Diptera, as well as Hymenoptera, play an important role in nature and human economic activity. The negative value of Diptera is great. A number of forms harm plants, including agricultural crops.

Botflies cause great damage to livestock production.

A serious pest is the Wohlfahrtia magnified fly, which lays larvae - it is viviparous - in the nose, ears, anus of mammals, as well as on wound and ulcerative surfaces. The larva feeds on living tissue, then emerges and pupates in the ground. There are known cases of human infection with Wohlfarth fly larvae. Flies lay larvae mainly on people who sleep during the day under open air. The larvae live in a person's ears, nose, frontal sinuses, gums, eyes and cause severe suffering.
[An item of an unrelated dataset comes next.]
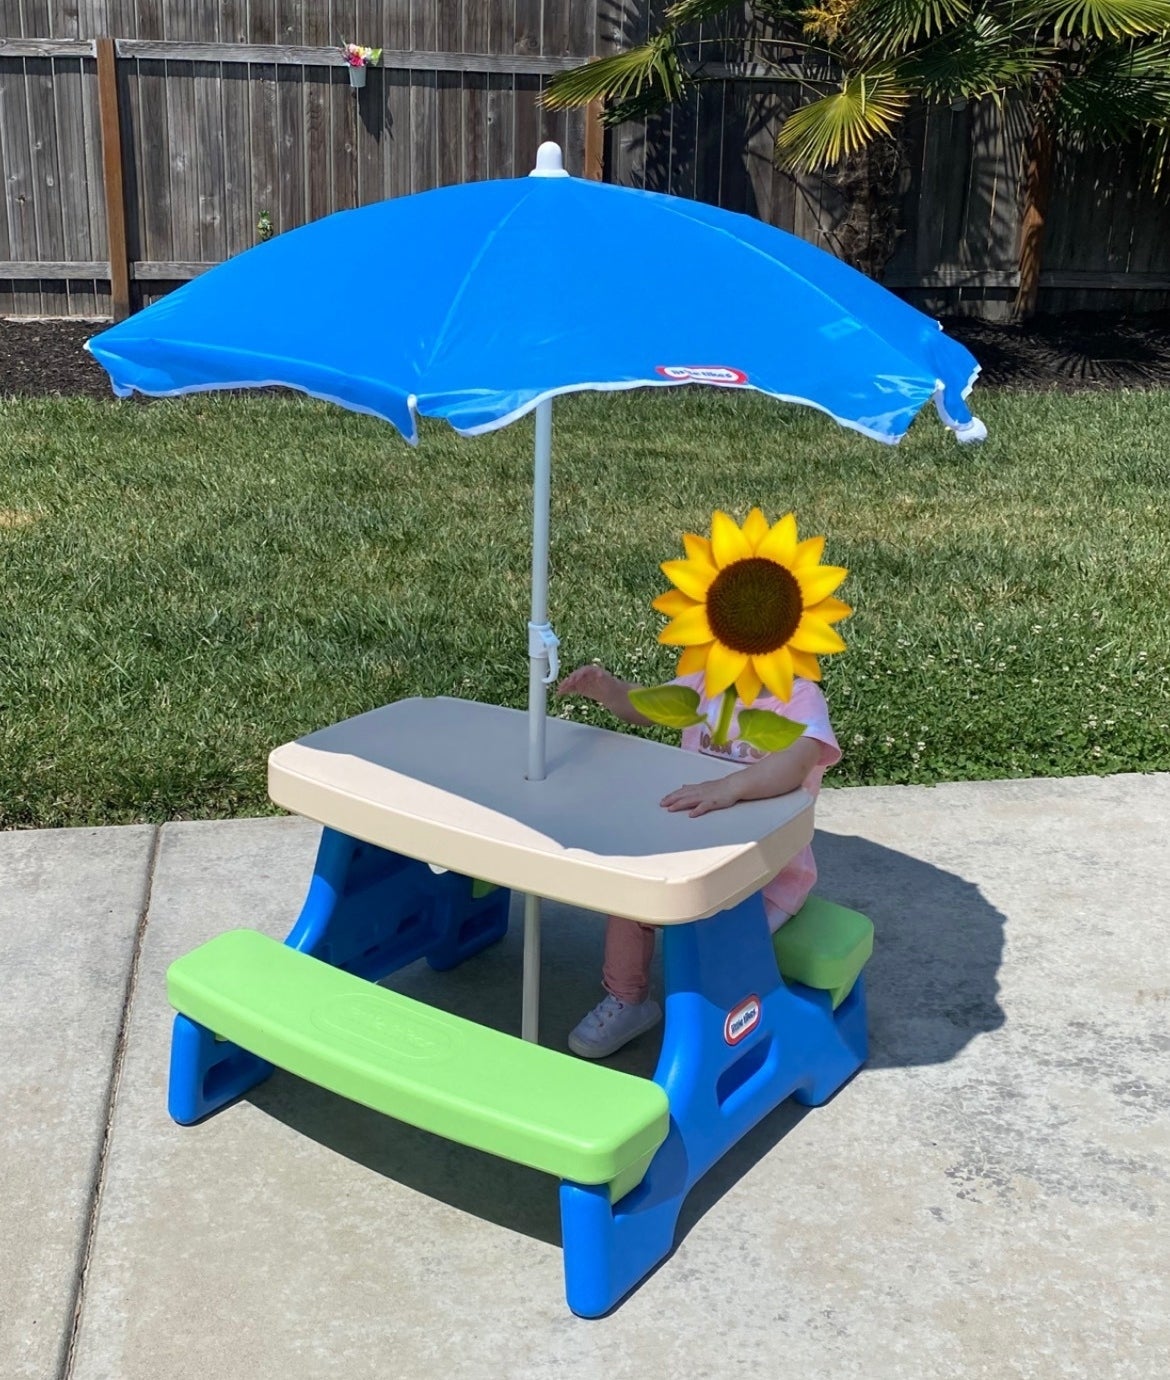 Child seated at a picnic table with an umbrella

Of great medical and veterinary importance are blood-sucking forms that carry pathogens of a number of dangerous diseases: mosquitoes of the genus Anopheles - malaria, mosquitoes (Phlebotomus) - leishmaniasis, horseflies (Tabanus) - tularemia, some animal trypanosomas, anthrax, tsetse fly (Glossina morsitans) - sleeping sickness, etc.

The positive significance of dipterans is also very significant, many of which are important pollinators of flowering plants. Predatory (ktyri) and parasitic (tachyna) destroy harmful insects. The larvae of bell mosquitoes, or bloodworms (family Chironomidae), serve as food for many fish and waterfowl. Adult dipterans, often found in huge numbers, are an important component in the diet of entomophages - insectivorous birds, bats, etc. The order contains about 80,000 species.